A simple, performant re-implementation of AutoVC trained on VCTK.
The original author's repo has not released models which produce the same quality conversions as those presented in the demo. In this repo I aim to get as close as possible to the demo performance and to release the model publicly for any to use.
I use the model definition provided by the original author but use the HiFi-GAN vocoder and its associated mel-spectrogram transform. Concretely, the sample rate is set at 16kHz as in the original model and the number of training steps is increased drastically from that stated in the paper -- from 100k steps to 2.3 million steps.

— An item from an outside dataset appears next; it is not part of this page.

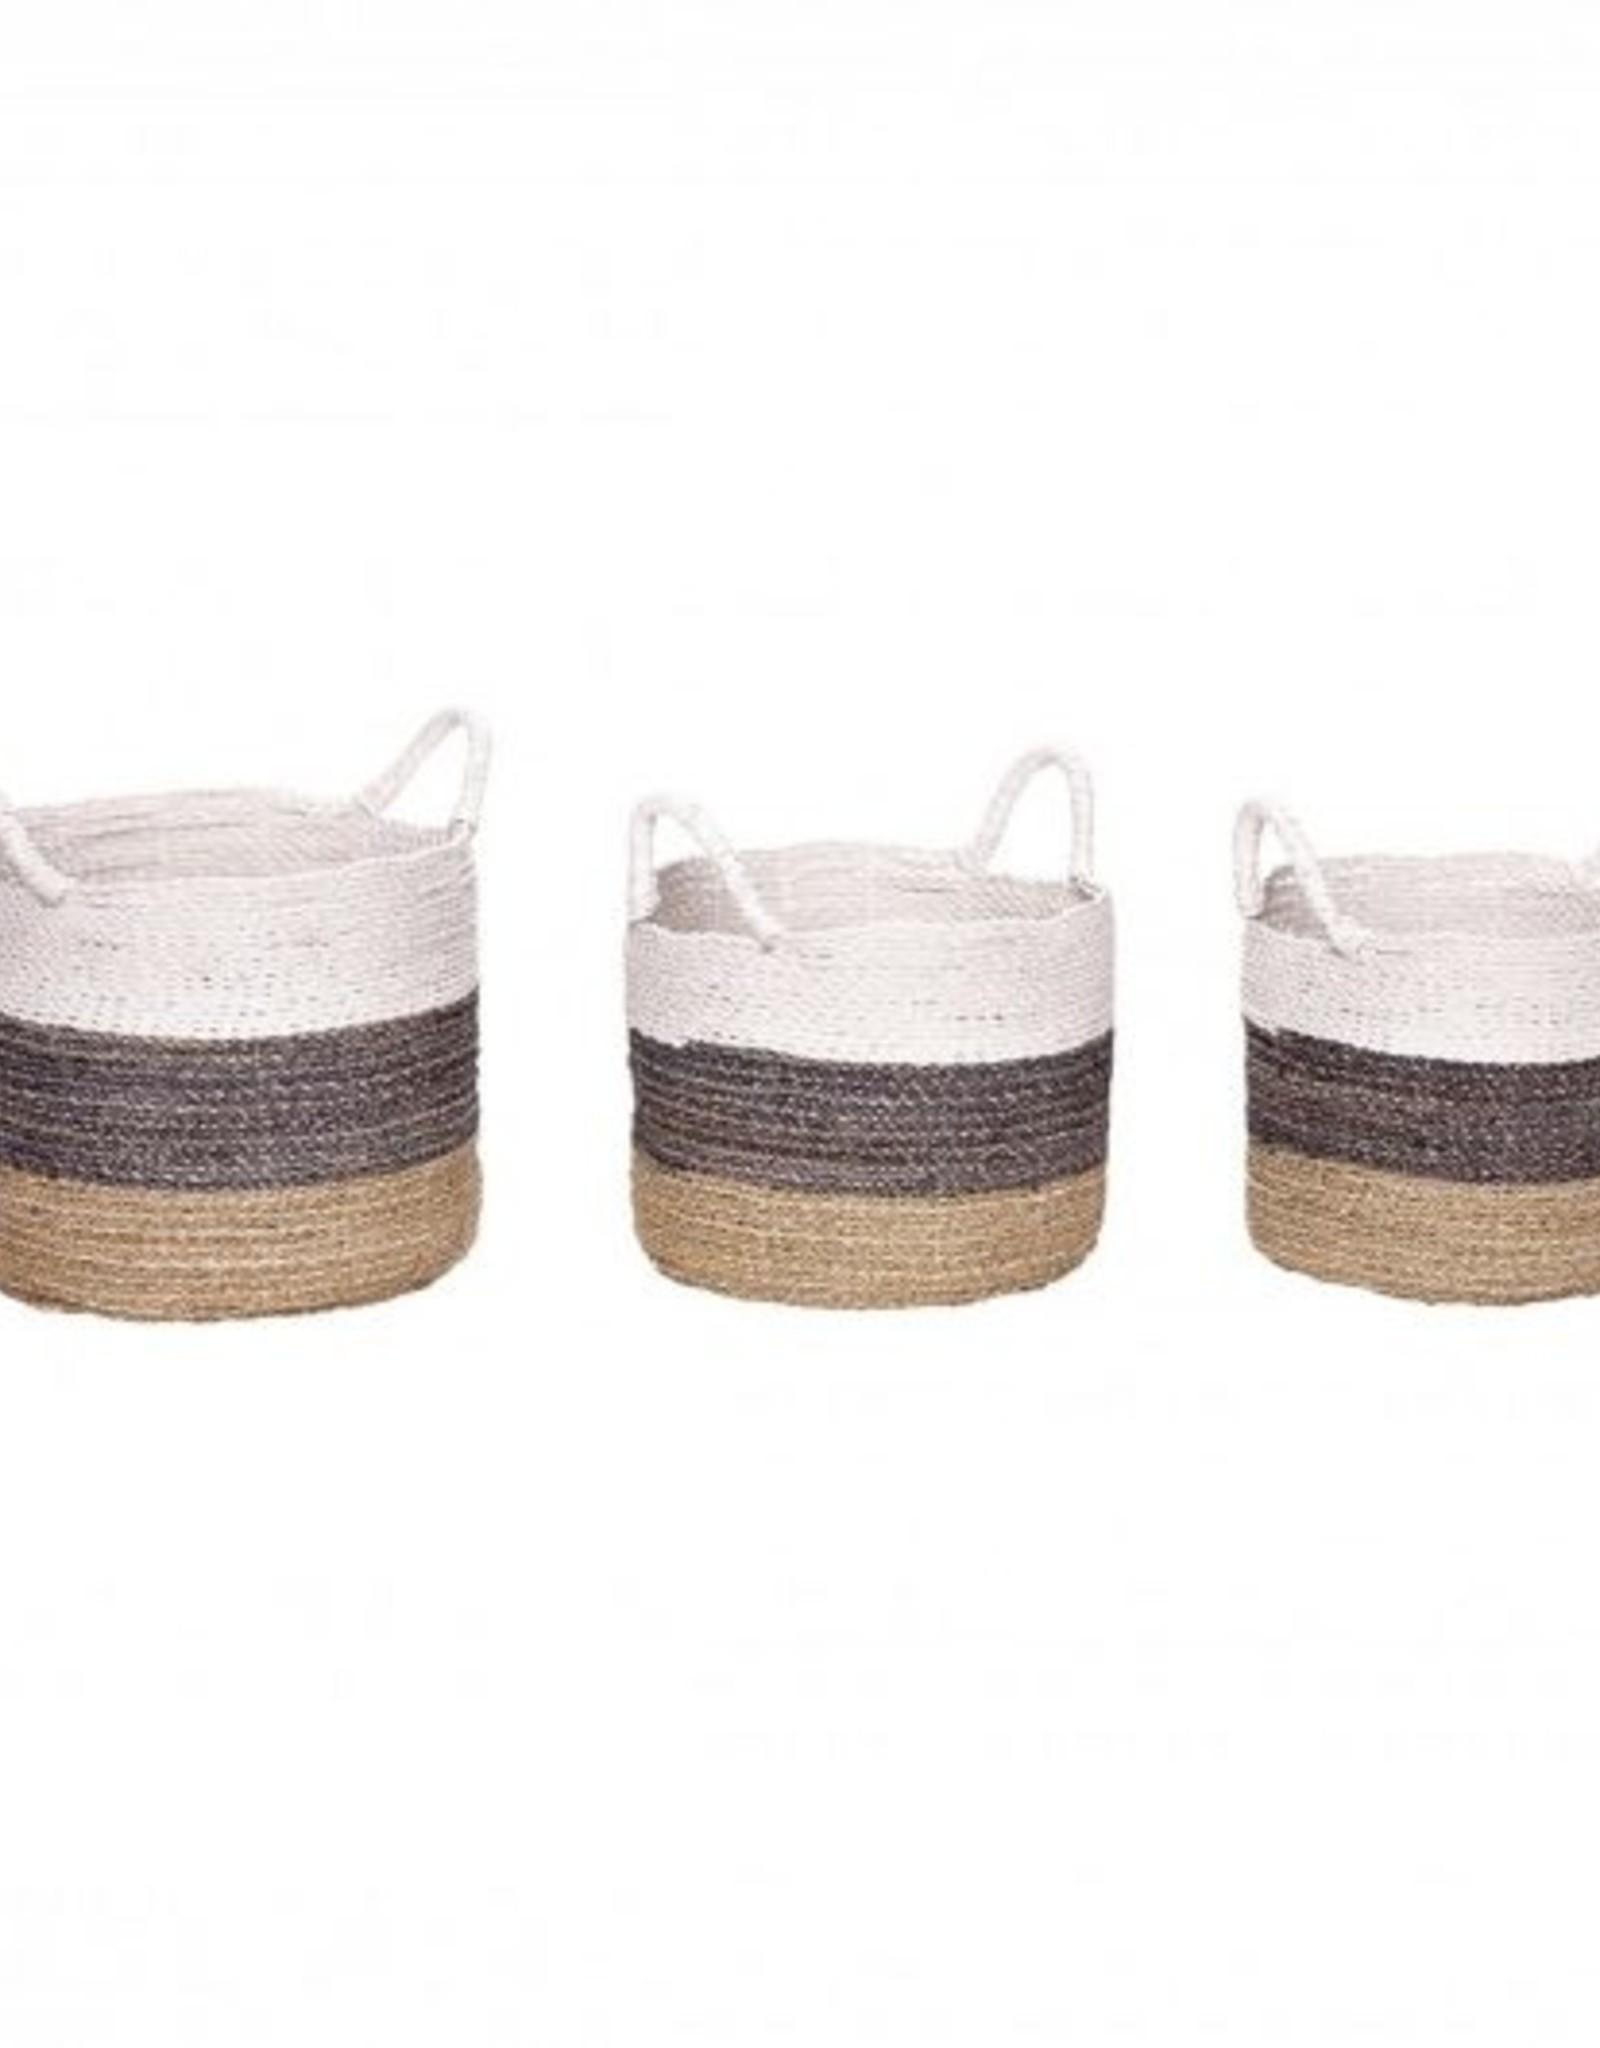 Hubsch Hubsch - Basket with white edge, round, seagrass - Large

The speaker embedding network is also pretrained on a larger external dataset.
Otherwise, all the hyperparameters are the same as those from the paper, original author repo, or github issues of the original author repo where appropriate. The 3 model components are as follows:
- AutoVC -- trained and loaded in this repo.
- Speaker embedding network -- obtained from the pretrained simple speaker embedding repo using torch hub.
- HiFi-GAN vocoder -- using a pretrained model obtained from the original paper author.
To use the pretrained models, no dependancies aside from pytorch
, librosa==0.9.2
, scipy
, and numpy
are required.
The models use torch hub, making loading exceedingly simple:
Step 1: load all the models
import torch
device = torch.device('cuda' if torch.cuda.is_available() else 'cpu')
# Load the pretrained autovc model:
autovc = torch.hub.load('RF5/simple-autovc', 'autovc').to(device)
autovc.eval()
# Load the pretrained hifigan model:
hifigan = torch.hub.load('RF5/simple-autovc', 'hifigan').to(device)
hifigan.eval()
# Load speaker embedding model:
sse = torch.hub.load('RF5/simple-speaker-embedding', 'gru_embedder').to(device)
sse.eval()
Step 2: do inference on some utterances of your choice
# Get mel spectrogram
mel = autovc.mspec_from_file('example/source_uttr.flac')
# or autovc.mspec_from_numpy(numpy array, sampling rate) if you have a numpy array
# Get embedding for source speaker
sse_src_mel = sse.melspec_from_file('example/source_uttr.flac')
with torch.no_grad():
src_embedding = sse(sse_src_mel[None].to(device))
# Get embedding for target speaker
sse_trg_mel = sse.melspec_from_file('example/target_uttr.flac')
with torch.no_grad():
trg_embedding = sse(sse_trg_mel[None].to(device))
# Do the actual voice conversion!
with torch.no_grad():
spec_padded, len_pad = autovc.pad_mspec(mel)
x_src = spec_padded.to(device)[None]
s_src = src_embedding.to(device)
s_trg = trg_embedding.to(device)
x_identic, x_identic_psnt, _ = autovc(x_src, s_src, s_trg)
if len_pad == 0: x_trg = x_identic_psnt[0, 0, :, :]
else: x_trg = x_identic_psnt[0, 0, :-len_pad, :]
# x_trg is now the converted spectrogram!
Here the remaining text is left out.